It seems like some people think, if they are aware of chemical sensitivity at all, that it takes a special kind of crazy to be this way. Because of the skepticism I’ve encountered and because I do not want to be defined by illness, I don’t like to talk about this.  In spite of that, I often find myself doing it anyway, feeling all the while like I’m treading on thin ice.  If I talk too long, eventually something will slip out that sounds like slap on the wrist:

“Yeah,  fabric softener really does me in.  I think it’s worse than some perfumes.”

My unfortunate victim looks away, searching for a graceful escape.  “Oh really?” she says, “I didn’t know that!” all the while thinking, What a loon!  I use fabric softener every day and I’m fine.

My face reddens as I quickly change the subject, mentally slapping my own wrist for creating an uncomfortable moment.

I have not had to stop meeting at my place of worship, the Kingdom Hall.  This is because I am allowed to sit in a back room with my air purifier and my family.  Behind a wall of windows, I am able to see and hear the meeting.  It is a blessing.  But I always wish I could be on the other side of the glass.

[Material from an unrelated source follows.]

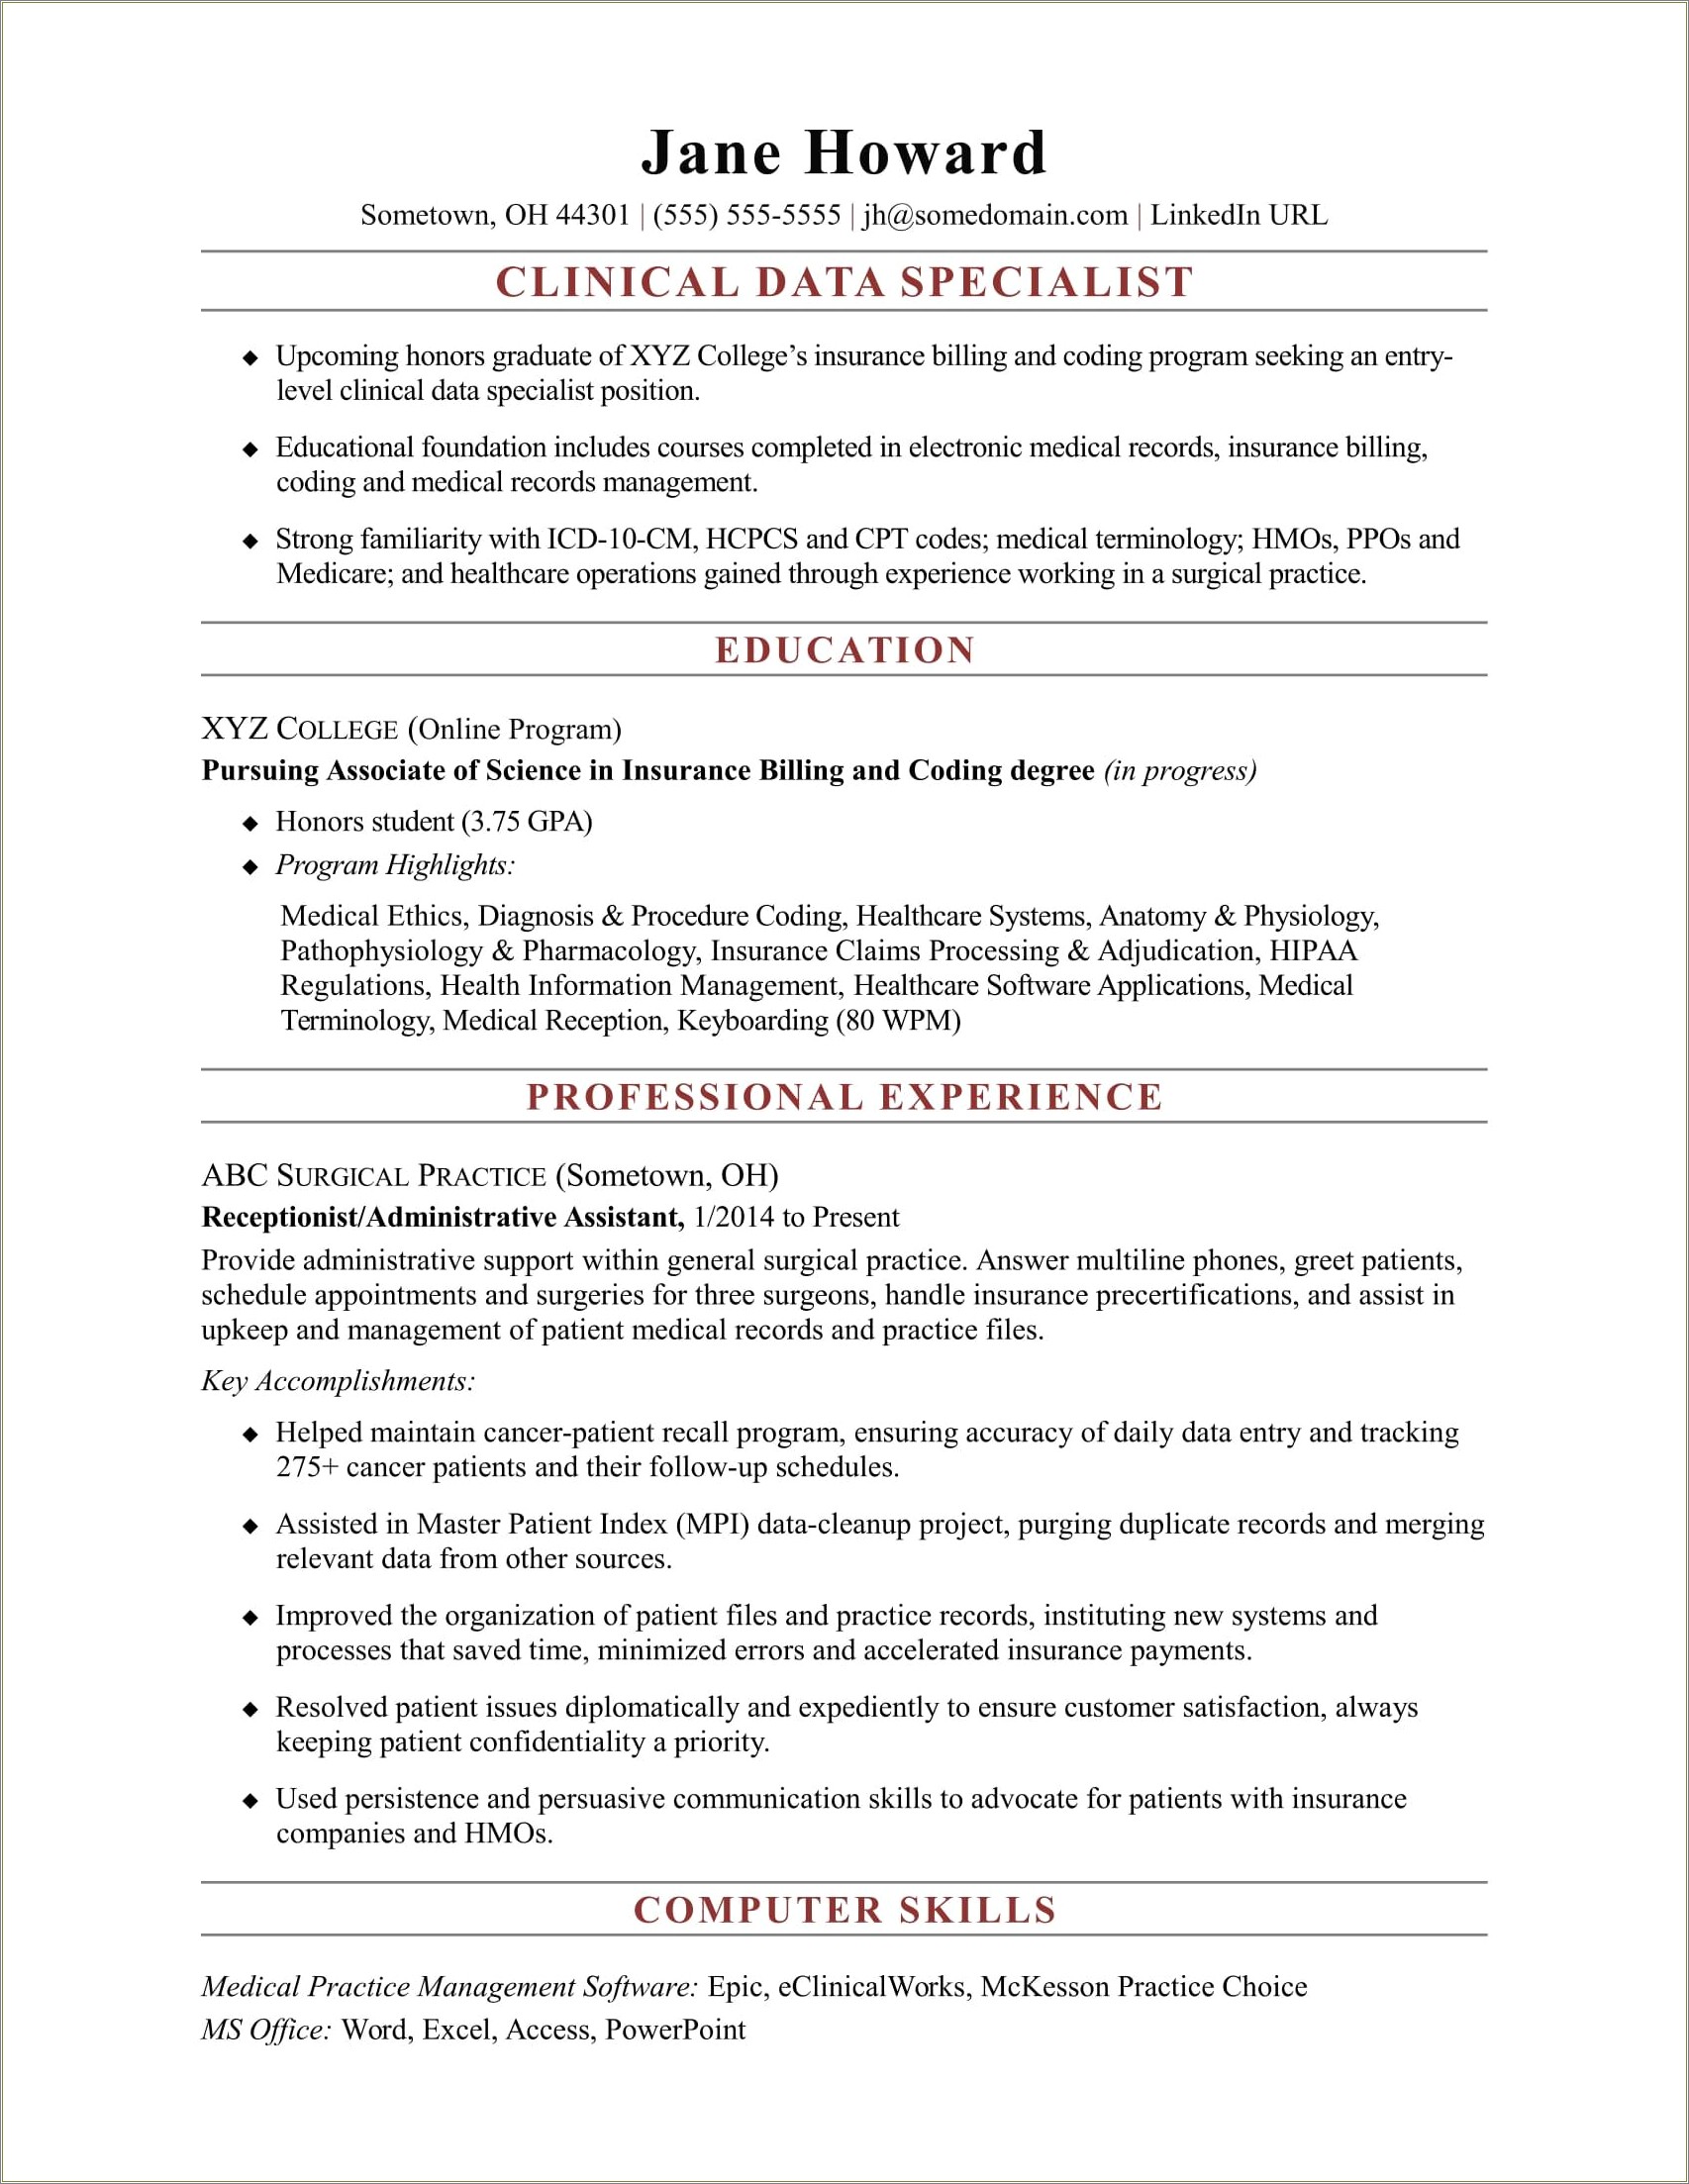 Resume Examples For Working Medical Office

Sometimes I wear a mask to keep me well in toxic situations.  It gives a measure of freedom.  Without that little piece of carbon and fabric, driving our new-smelling car, exhaust fumes pouring in through the vents, would be out of the question. Using a fragranced public restroom would be a nightmare.  Even visiting some of my friends is sometimes made possible by the mask, but that is something I rarely do.  I’ll tell you why.

I hate the mask.  We all wear masks.  But the difference between the mask I wear and mask you wear is that yours is probably socially acceptable.  In his book The Love We Share Without Knowing, Christopher Barzak wrote that “nothing is more real than the masks we make to show each other who we are.”  The way we dress, the way we do our makeup or hair, and the expressions we wear on our face are all masks.  Sometimes they reveal who we are, and sometimes they conceal, if that is our intention.  But when I wear my mask, the only message I project to the world is one of fear.  The mask says, “I’m afraid.  The world is a dangerous place.”  But that is not what I want to say.

“When we know Love, fear has no value in our presence.  There is no pressure to perform and mask our humanity.” – E’yen Gardner

I don’t want to mask my humanity, I want to reveal it.  Oliver Wendell Holmes said that ” without wearing any mask we are conscious of, we have a special face for each friend.”  I want to reveal the special face I have for each of my friends.  I want my friends to understand just how happy I am to see them.  And just like I want to be able to look into the face of a friend and read his or her emotions and intentions, I would like for my friends to be able to see my face and read me as well.

“Masks were used to alienate and silence prisoners in Australian jails in the late 19th century. They were made of white cloth and covered the face, leaving only the eyes visible.” – Wikipedia, Mask

I would fit in here

I would fit in here

Masks tend to frighten us, and for good reason.  Faces reveal intentions.  We cannot read a masked face, and for that reason we associate masks with bad intentions.  Villains wear masks: Phantom of the Opera, Jason, Hannibal Lecter.  I frighten children when I wear my mask.  There is nothing worse than looking into a child’s eyes, seeing fear, and knowing that I am the cause.  That alone is reason enough for me to leave the mask in my purse.

What is the first thing that comes to mind when you see someone wearing a mask in public?  The first thing that comes to my husband’s mind is that the person is a thief or a terrorist.  He becomes very uncomfortable if he has to be seen in public with me in my mask, and I don’t blame him.  I’m uncomfortable being seen in public in my mask. Others have told me that their first thought upon seeing a masked person is that the person may have cancer or AIDS and needs protection from germs.  I don’t want people to think that about me.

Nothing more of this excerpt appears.